One of Australia’s biggest egg-farming families is swapping poultry for property starting with plans for an employment hub and more than 2300 homes north of Brisbane.
The Pace family has filed plans for a precinct of towers up to 30 storeys on a 10.4ha site at 1785-1813 Anzac Avenue, Mango Hill.
The site is across the road from Westfield North Lakes, about 30km from the CBD by road.
The family sold its Pace Farming business in 2023 to “focus on acquisition and development of quality properties and projects” in growth areas, according to the PSA Consulting report accompanying the application now before the City of Moreton Bay.
These plans designed by Archipelago included 23 medium to highrise towers in the mixed-use development centred around a lineal piazza that would create a new employment campus in the region, the application said.
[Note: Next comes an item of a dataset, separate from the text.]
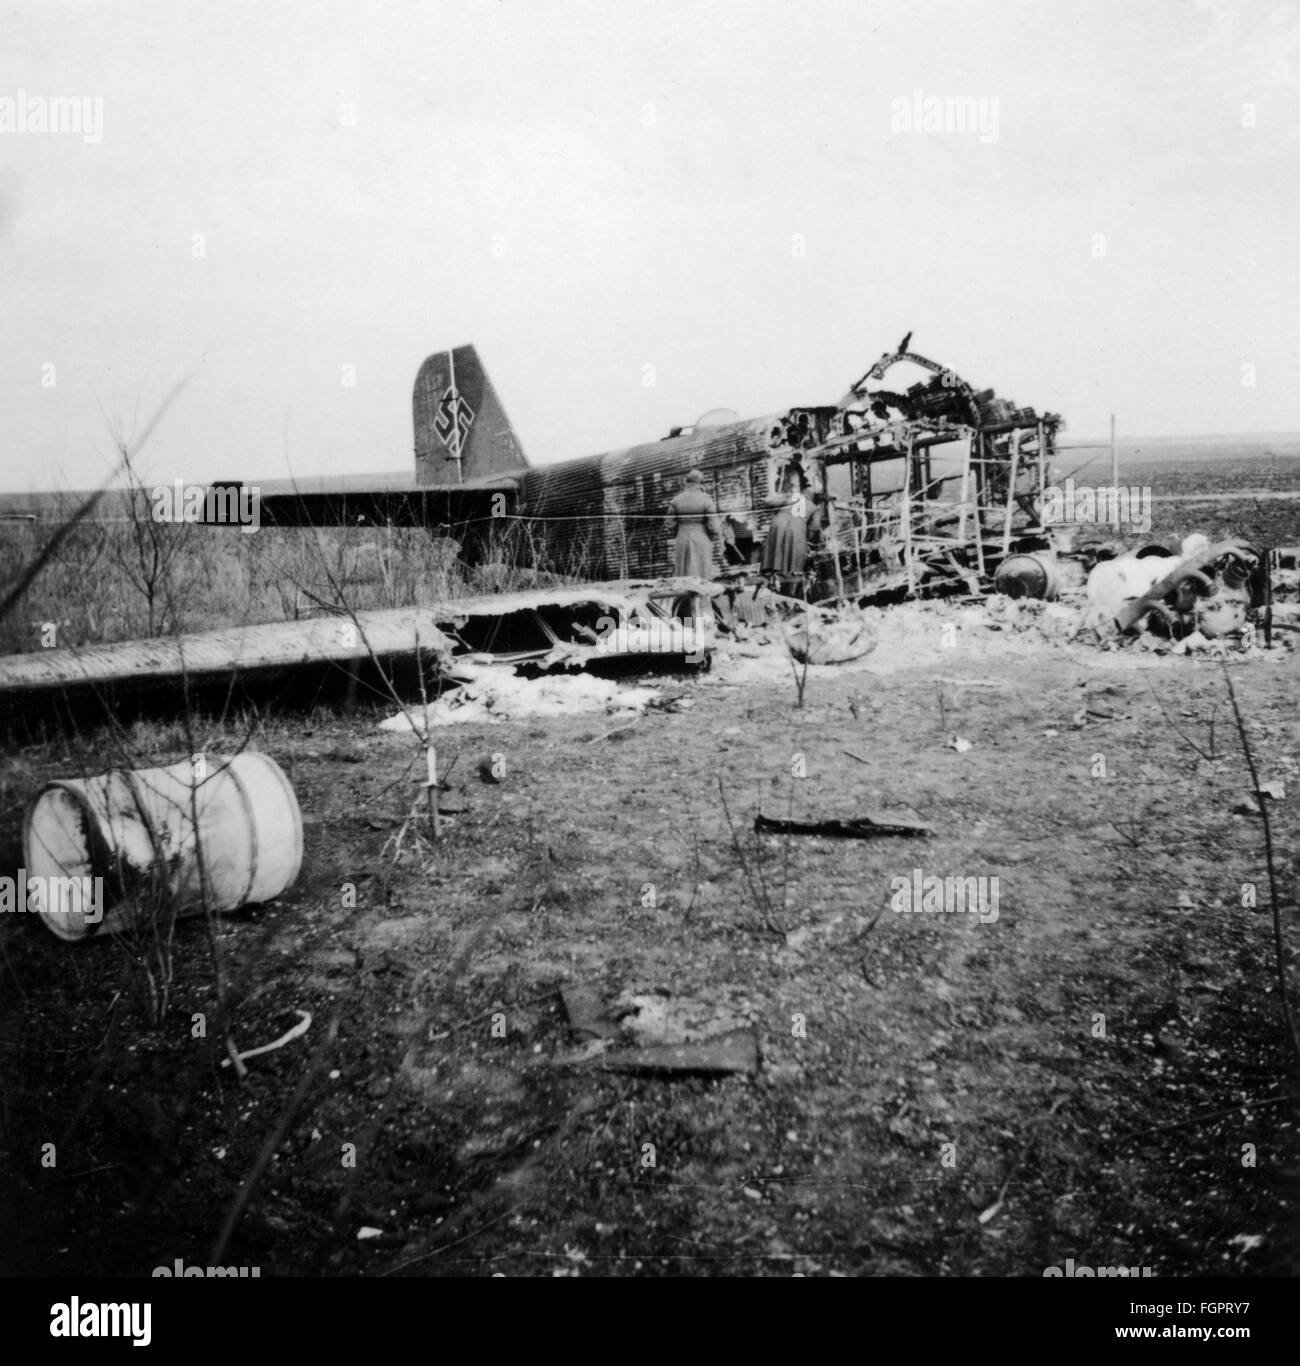 Second World War / WWII, Soviet Union, summer 1941, destroyed German transport aircraft Junkers Ju 52 on a field in the Ukraine, Additional-Rights-Clearences-Not Available Stock Photo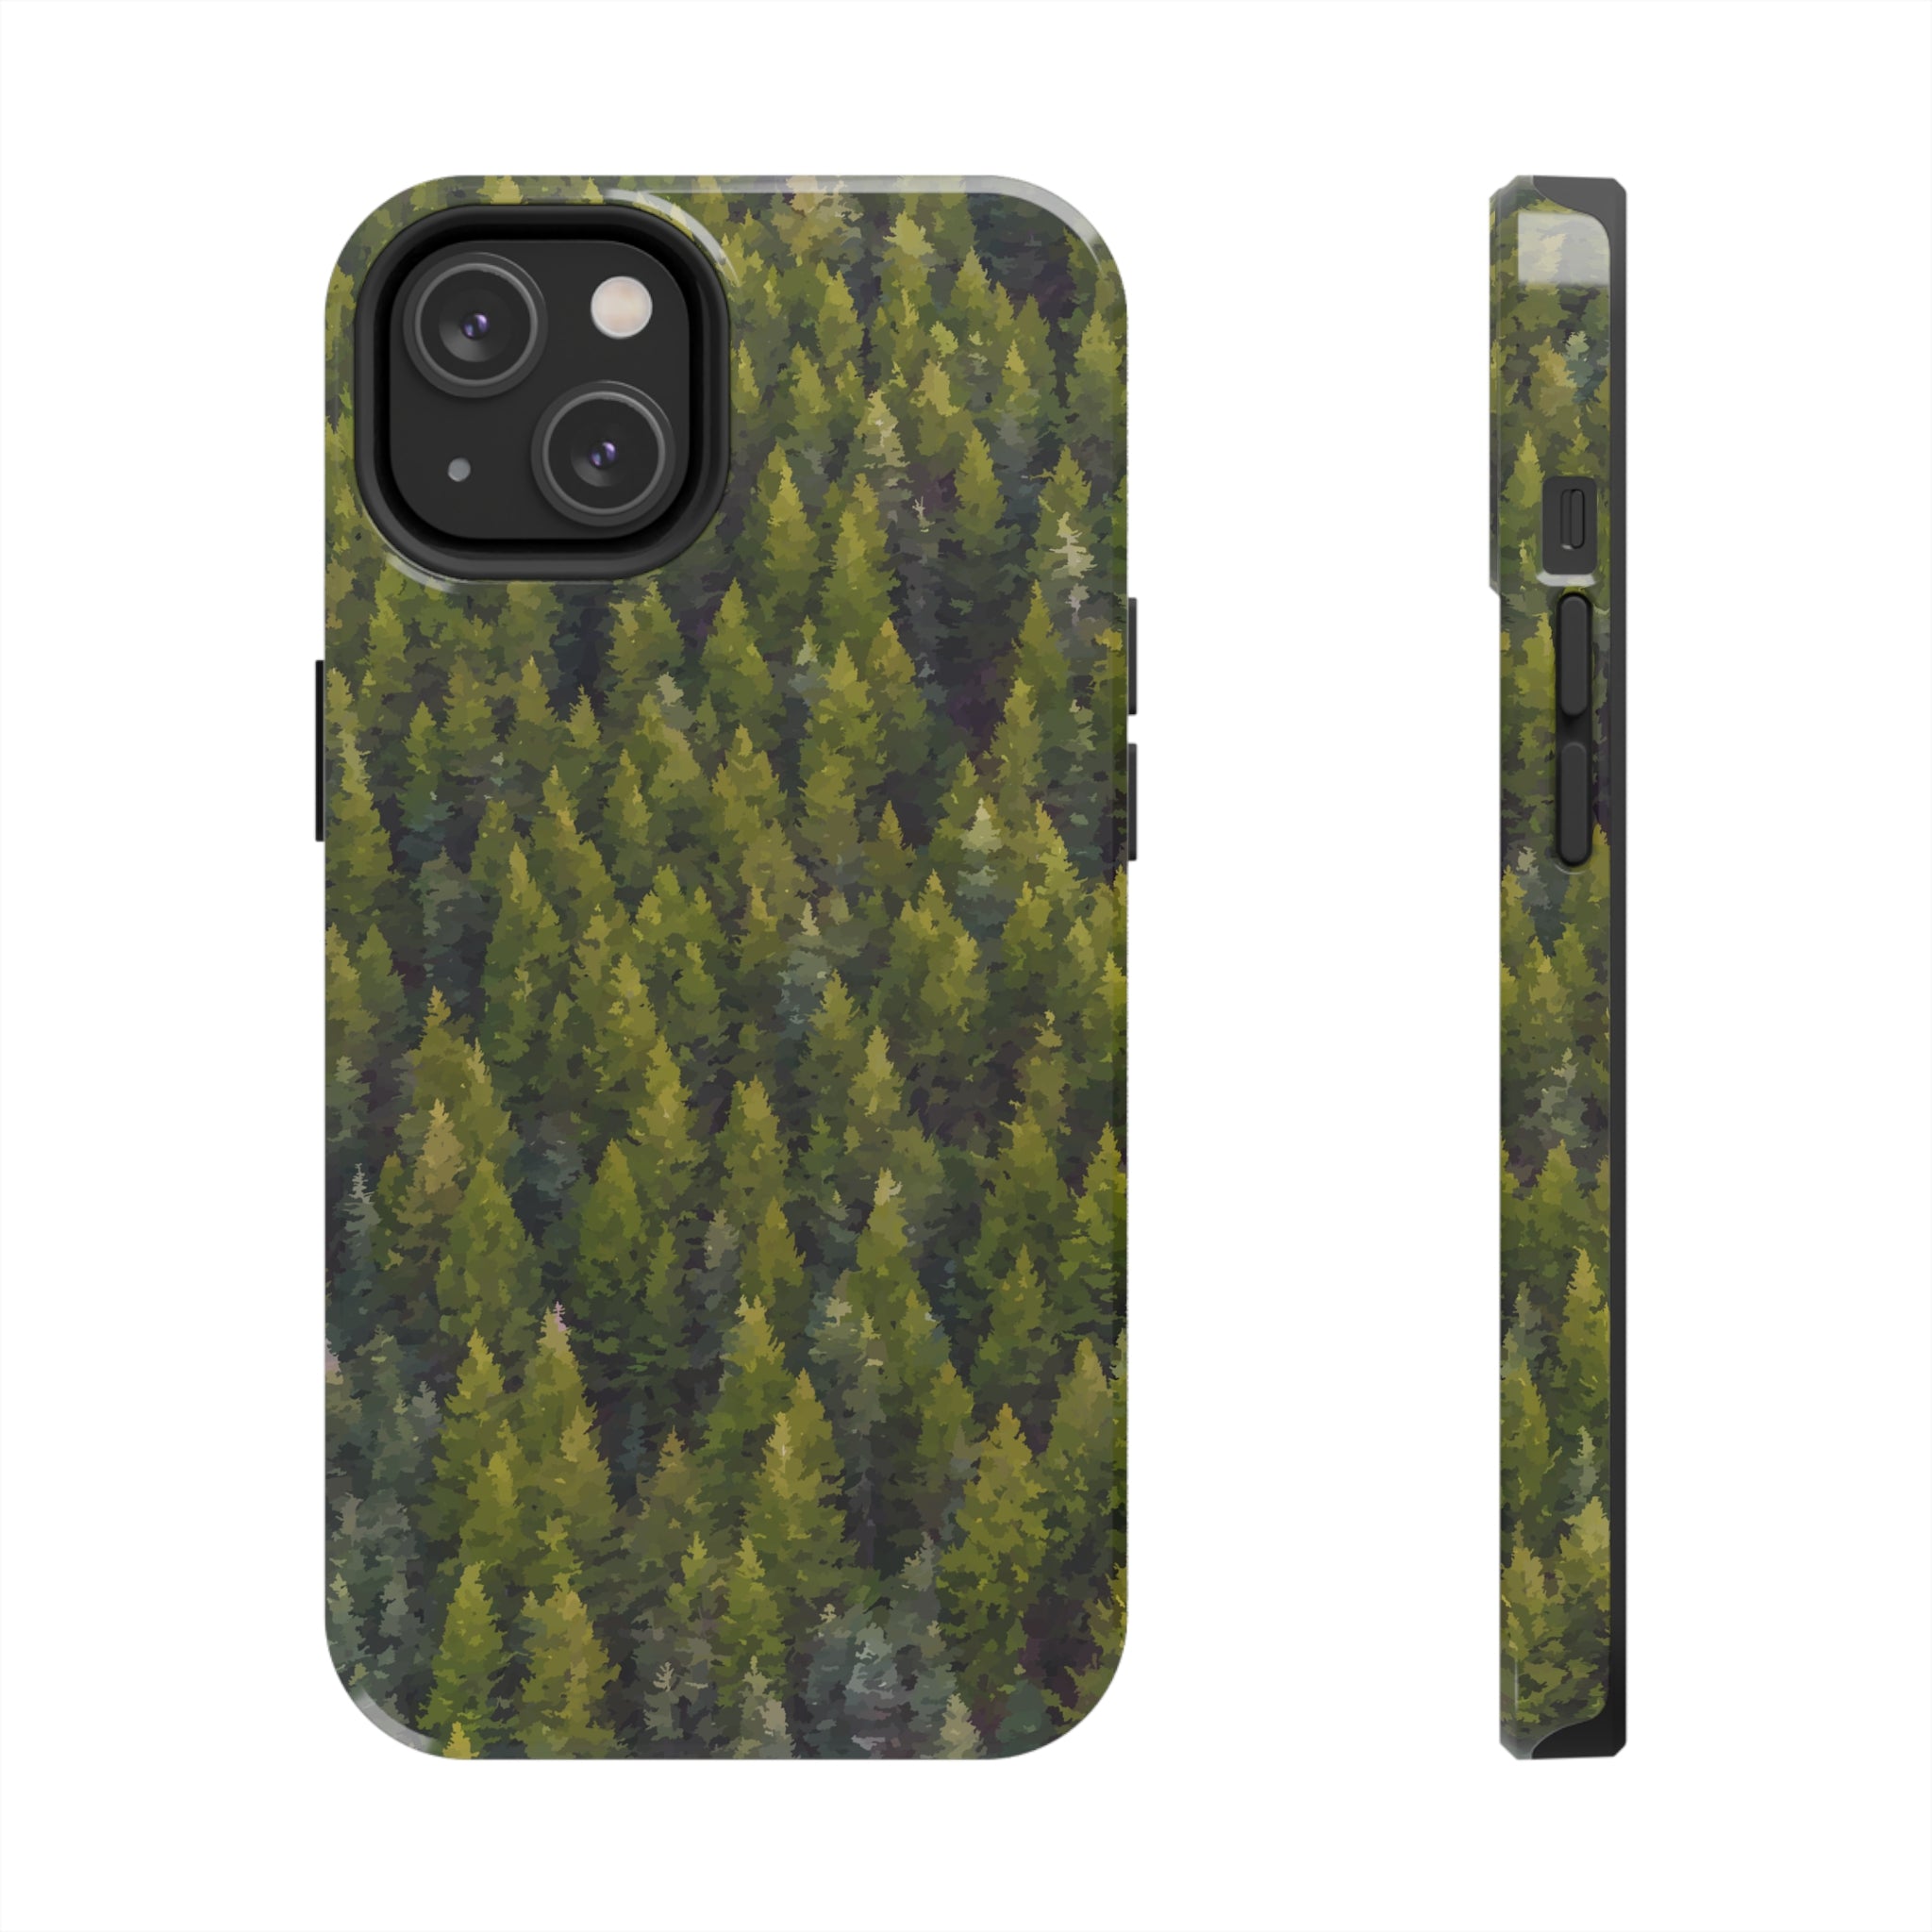 Main image of Forest Canopy iPhone Case

A scheme of 715 apartments across 13 towers and a shoptop office tower was approved for the site in 2018, however this did not “capitalise on the connectivity”.
The site could facilitate higher-density living and “accordingly, the applicant’s vision for the site has evolved”.
The towers of 8 to 30 storeys would comprise 2329 apartments while 118,023sq m of commercial space would be across buildings of 8 to 10 storeys.
The ground floor level of each building would cumulatively add 6600sq m for food, drink and retail spaces across the Mango Hill Urban Village project.
There is 12,313sq m of landscaping planned for around the development, including an open-space precinct with stormwater drainage and pathways to a nearby train station.
Sydney-based Pace Farm is the second largest egg farming supplier in Australia. It was sold to Roc Partners for about $350 million.
The property at Mango Hill was a pine plantation cleared in the 1990s and is part of a larger development-control plan in the City of Moreton Bay.
The plans for the 1023ha adopted in 2011 include 25,000 homes and a major shopping centre near the Mango Hill Railway Station, which was opened in 2016.